Apart from the other arguments, it appears that you are buying because it's undervalued rather than because it's in a downtrend. If a stock is 'valued' at 10 and the sp starts to rise and we buy at 4, 6, 8 then at every stage it's going up but it's still undervalued so it need not be a downtrend. I guess it all depends on your method.

Just thought I'd mention it so newbies realise there are many ways to profit from buying stocks.


----------



## Realist (7 June 2006)

> it appears that you are buying because it's undervalued




Yes!!

Why not buy a bluechip if it is undervalued? It can go down more, but longterm it should go up, and you should buy bluechips for the longterm.


----------



## professor_frink (7 June 2006)

Realist said:
			
		

> Yes!!
> 
> Why not buy a bluechip if it is undervalued?




If we are heading into a bear market(not that I'm saying we are heading into one now so back off all you perma bulls!  ), then it doesn't matter if you think it's undervalued now, you won't make much money.



			
				Realist said:
			
		

> It can go down more, but longterm it should go up, and you should buy bluechips for the longterm.




True. Depending on what "long term" is will determine if this is a good idea or not. If long term for you is 20-30 years and it remains a good company for that entire time then it shouldn't really matter if it spends half of that time showing a loss or not, as it "should" go up before you sell it. Look at the bear market in the U.S in the 1970's. A decade of range trading + high inflation= lower wealth for share investors.


----------



## Julia (7 June 2006)

RichKid said:
			
		

> tsk, tsk Julia, hope that's a typo, remember the old rows people have had on ASF over buying in a dowtrend? I won't go there again but newbies should be aware that many people advise against it.




No, Rich, it wasn't a typo at all.

Perhaps my terminology was somewhat wanting but I stand by the principle as a long term buy and hold investor.

If my investment time frame is 10 or 20 years, and I am considering buying a blue chip company with a solid record of capital growth and reliable and increasing dividends, e.g. the big banks, Woolworths, Westfield, etc, then I think it makes sense to take advantage of a temporary drop in the SP to purchase the stock or add to existing holding.

Perhaps my use of the term "downturn"/"downtrend" was inappropriate.
I stand corrected.

Similarly I understand and agree with buying into an established uptrend.

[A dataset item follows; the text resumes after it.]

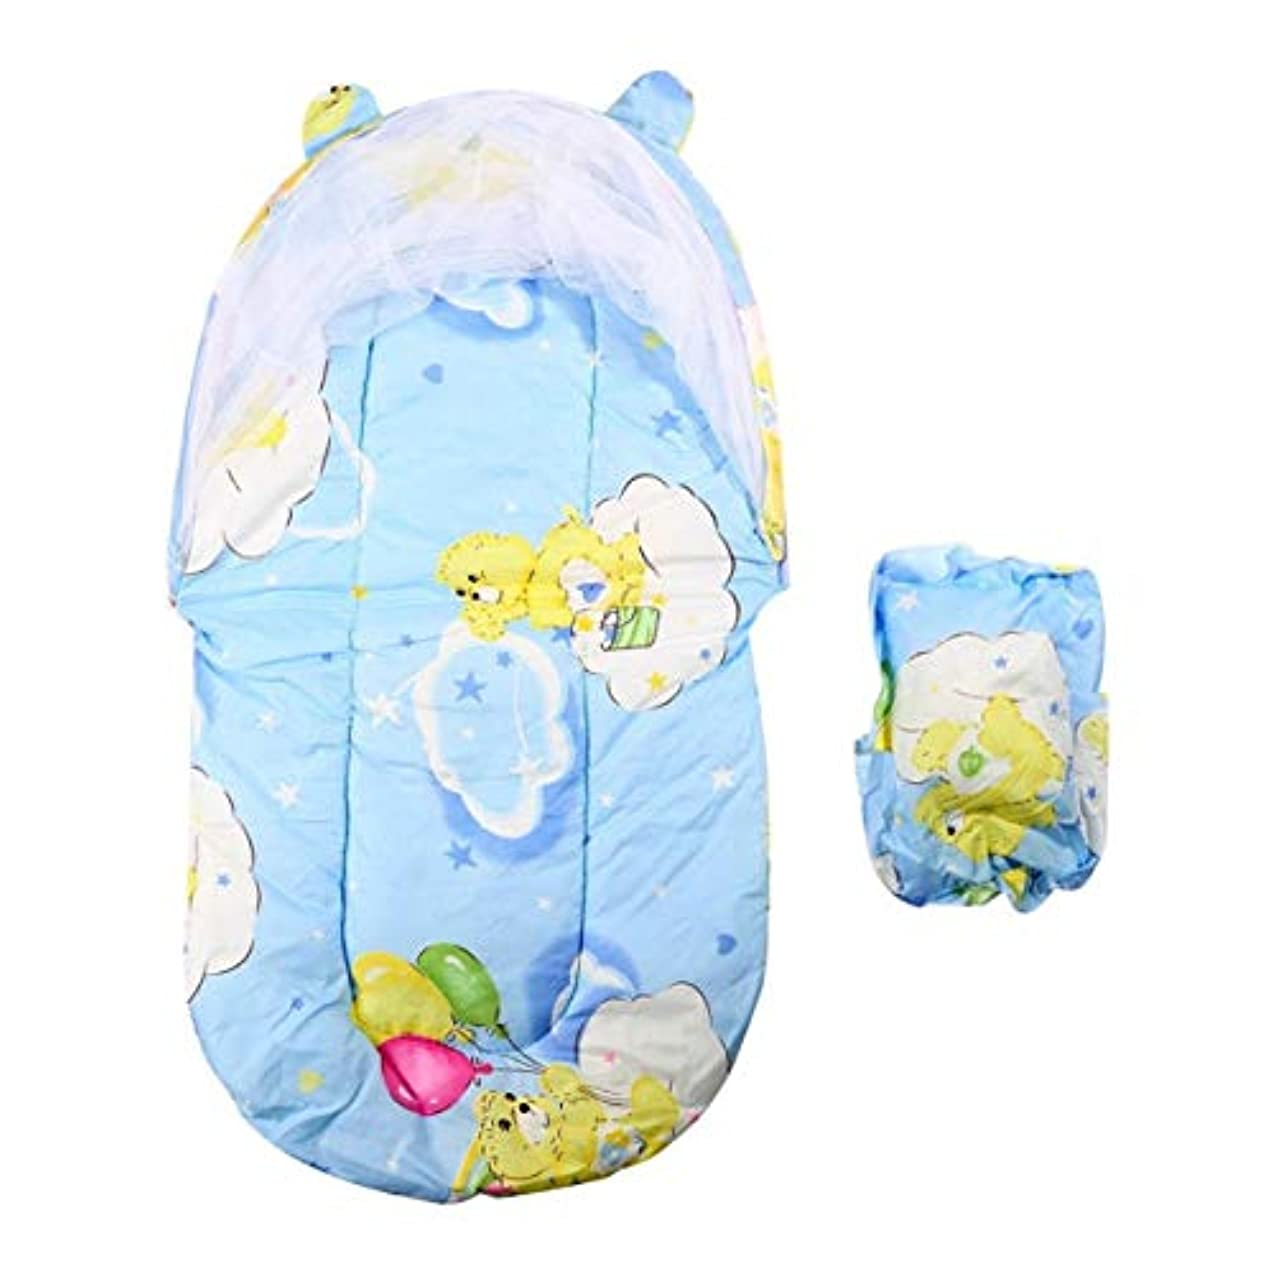 Saikogoods 折り畳み式の新しい赤ん坊の綿パッド入りマットレス幼児枕ベッド蚊帳テントはキッズベビーベッドアクセサリーハングドームフロアスタンド 青

However, if I have been a happy holder of, say, CBA for ten or so years, and it comes off its high of, say, $47, and it's possible to buy it at $40, why wouldn't you do that, if your investment time frame is at least the next 10 years?    

Let's remember that the question was originally put forward by someone who is new to shares and investing.  Hence my suggestion of a quality blue chip stock to start with, to allow familiarisation with the process with the least possible anxiety from volatility.  Then I was suggesting that it would make more sense to buy said stock at a time when it is off its high.  

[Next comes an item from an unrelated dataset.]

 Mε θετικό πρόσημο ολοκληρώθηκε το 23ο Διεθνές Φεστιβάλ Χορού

Have I explained myself now?

Julia


----------



## RichKid (7 June 2006)

Julia said:
			
		

> No, Rich, it wasn't a typo at all.
> 
> Perhaps my terminology was somewhat wanting but I stand by the principle as a long term buy and hold investor.
> 
> ...




Crystal clear Julia! Didn't mean to put you on the spot: I had a feeling that's what you meant but thought it was worth fleshing out for newbies. Part of the reason I asked is because fundamental strategists often use TA terminology and it's easy for someone to forget that the underlying strategy is a FA plan despite the use of TA 'terms of art'. 

Sometimes people don't know what's making them the money- they may think that they made money by buying cheap stocks (ie cheap as they'd fallen from a previous price) when really they were buying undervalued stocks. So when they lose it they'll be just as clueless. If people have some basis, as you do, then it's a different story as you can assess and test your methods (at least i hindsight) but still we need to have an idea that the strategy will be profitable, but that's another story, I'm sure Tech's expectancy threads will do for starters.


----------



## Realist (7 June 2006)

> If we are heading into a bear market




I for one will admit to never knowing when we are heading into a bear market.

I'm not sure anyone else knows either.    

Alan Greenspan was quoted about 35 years ago as saying "I can safely say now is a good time to buy stocks" a few weeks before one of the longest bear markets ever in the 1970's.


----------